Been waiting for something to play, since I didn't like "The World Ends with You" much.

~ Commander


----------



## Artheido (Apr 17, 2008)

Meh, won't be buying this game. I don't see what the hype was about.


----------



## Juice-san (Apr 17, 2008)

Pictures look pretty good. I think I will try this.


----------



## ECJanga (Apr 17, 2008)

It's here!!

Happy Happy! Joy Joy!


----------



## ndpndnt16 (Apr 17, 2008)

i miss hack and slash in summon night in gba


----------



## Jax (Apr 17, 2008)

Shame I don't dig tactical RPGs...


----------



## xcalibur (Apr 17, 2008)

I needed a good SRPG to play after I finished SRTG..
I hope this is it.


----------



## Xcist (Apr 17, 2008)

ndpndnt16 said:
			
		

> i miss hack and slash in summon night in gba



well lucky you! Summon Night is coming out for DS real soon. =)


----------



## Bob Evil (Apr 17, 2008)

Xcist said:
			
		

> ndpndnt16 said:
> 
> 
> 
> ...



fix'd


----------



## SaltyDog (Apr 17, 2008)

Nintendo Power gave this a 6 (IIRC) but honestly this game I enjoy far more than TWEWY. I have been playing that one for over a day now and just can't find it appealing, this on the other hand is far more enjoyable. To each his own.

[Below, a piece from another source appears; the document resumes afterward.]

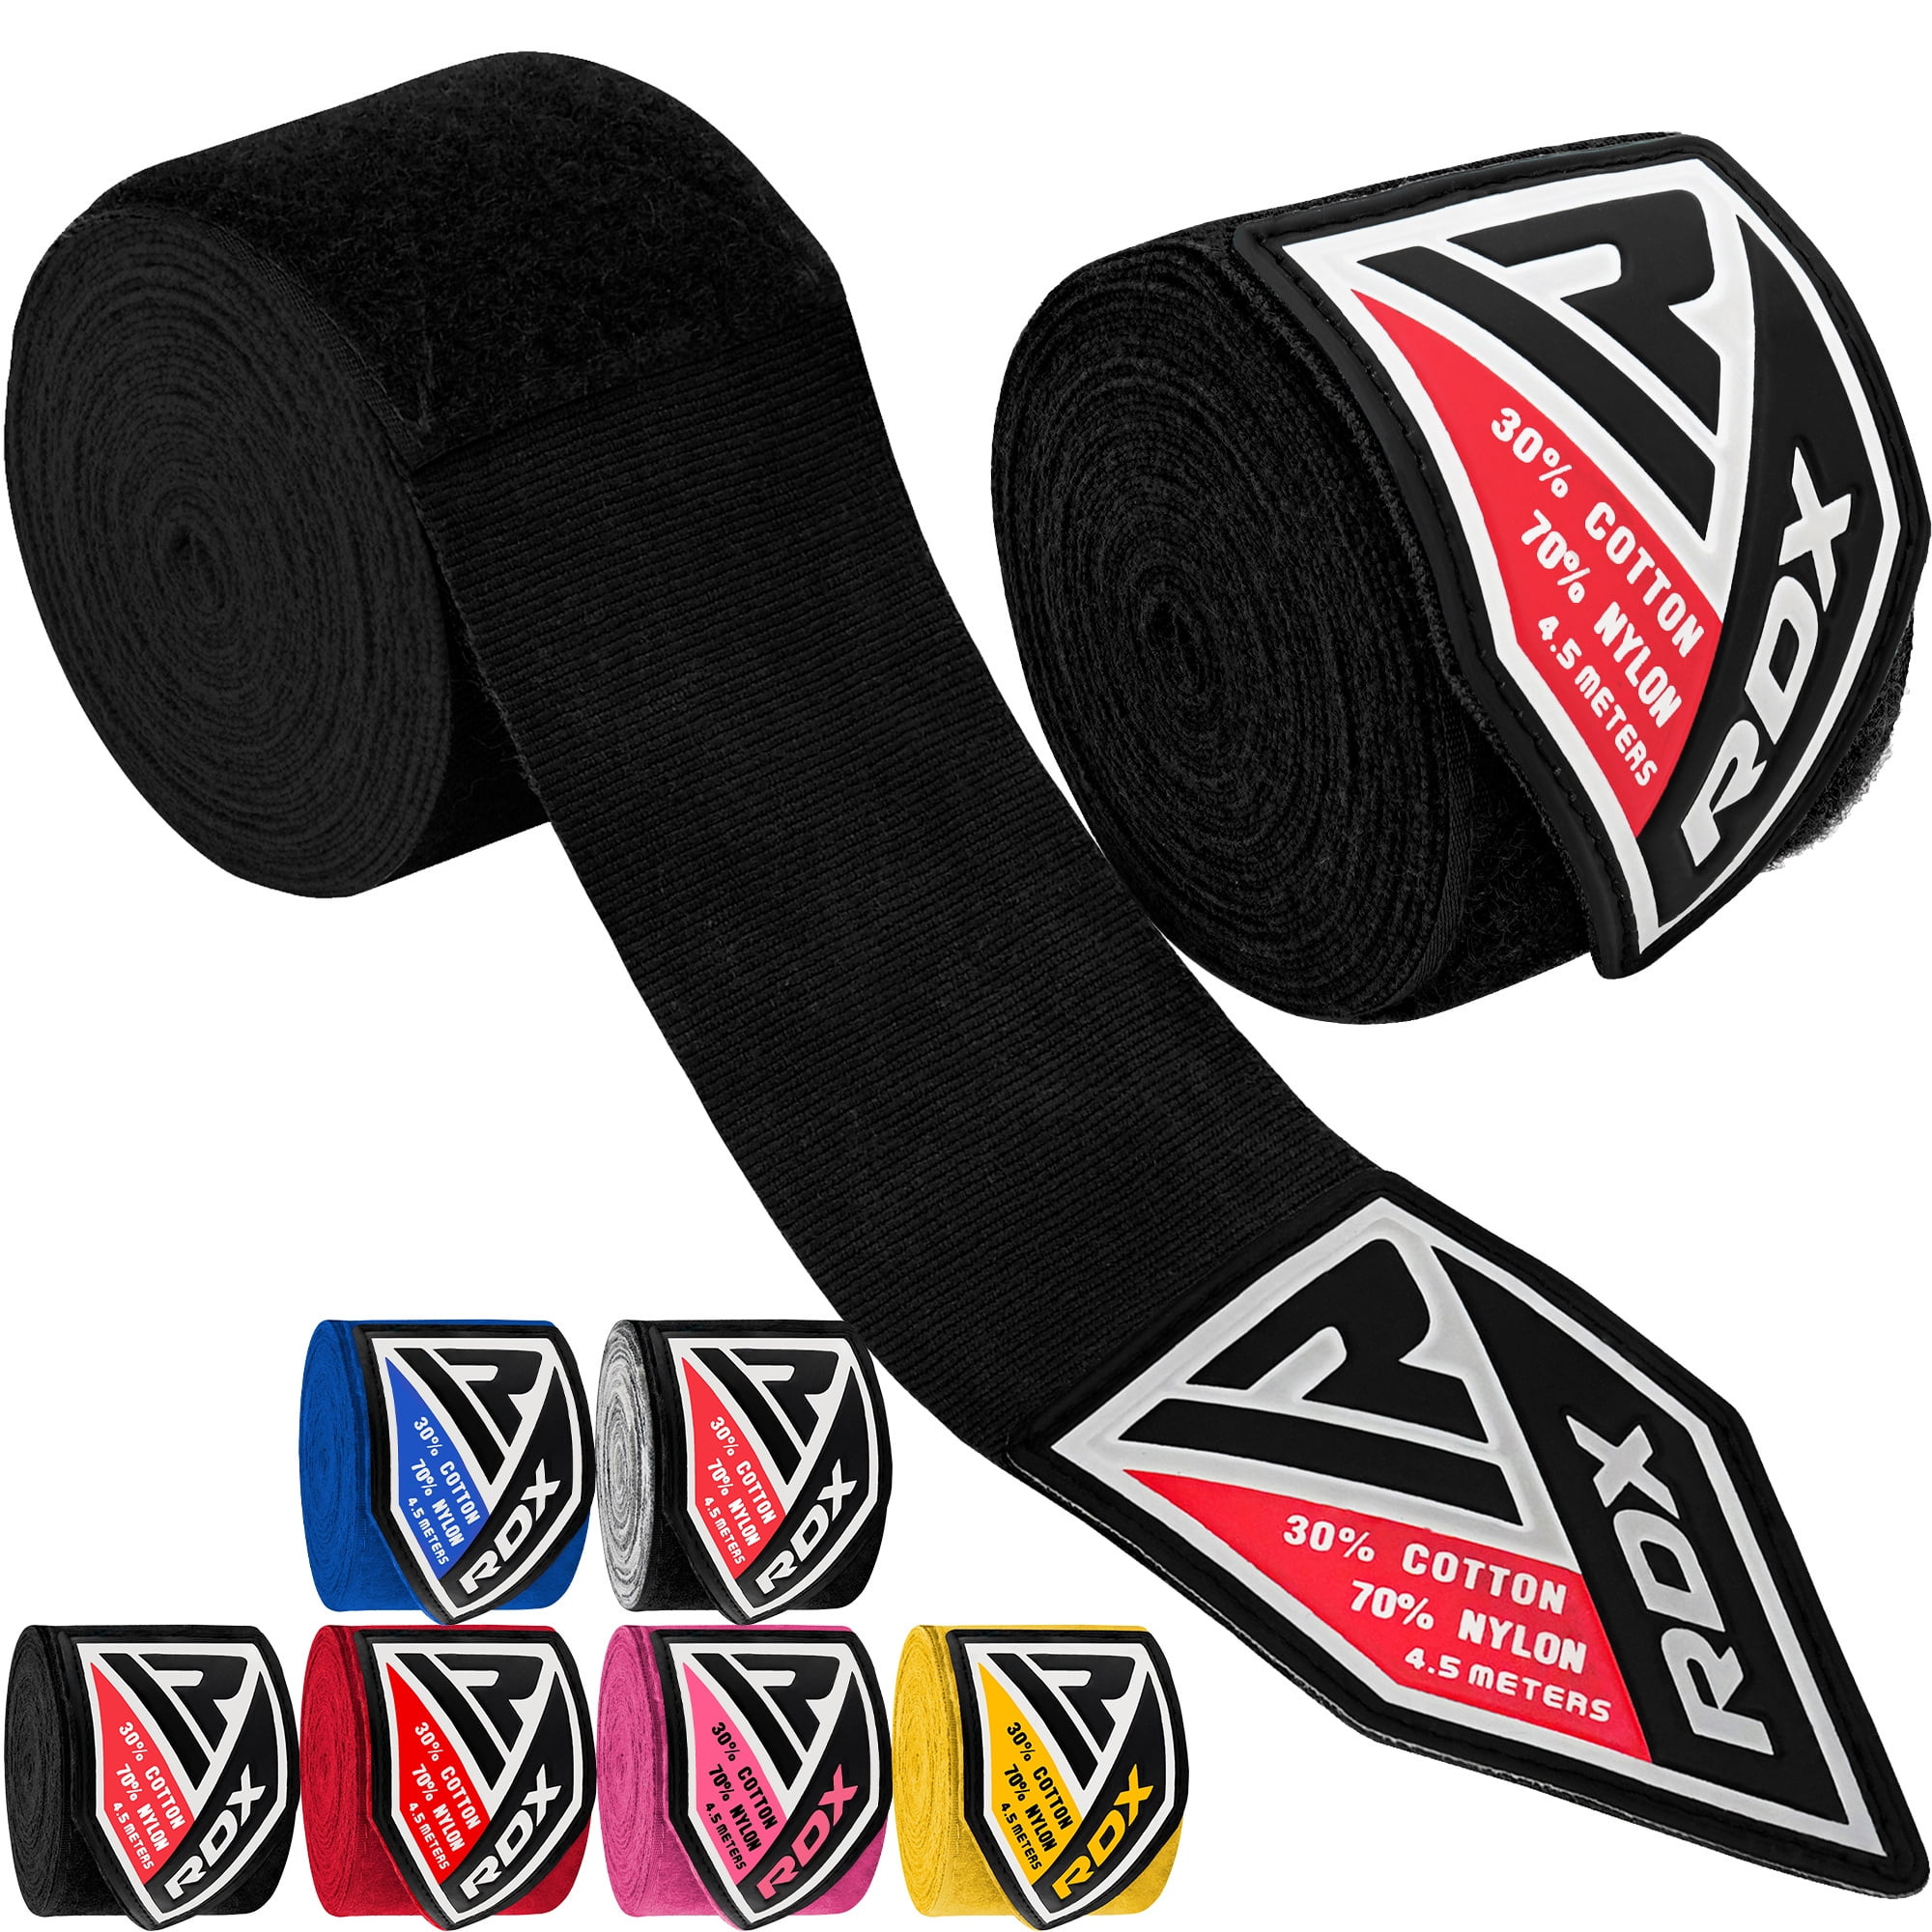 RDX Inner Boxing Gloves Hand Wraps MMA Elasticated Fist Protector MuayThai

Actually, I should say the music in TWEWY is quite excpetional.


----------



## abaddon41_80 (Apr 17, 2008)

SaltyDog said:
			
		

> Nintendo Power gave this a 6 (IIRC) but honestly this game I enjoy far more than TWEWY. I have been playing that one for over a day now and just can't find it appealing, this on the other hand is far more enjoyable. To each his own.
> 
> Actually, I should say the music in TWEWY is quite excpetional.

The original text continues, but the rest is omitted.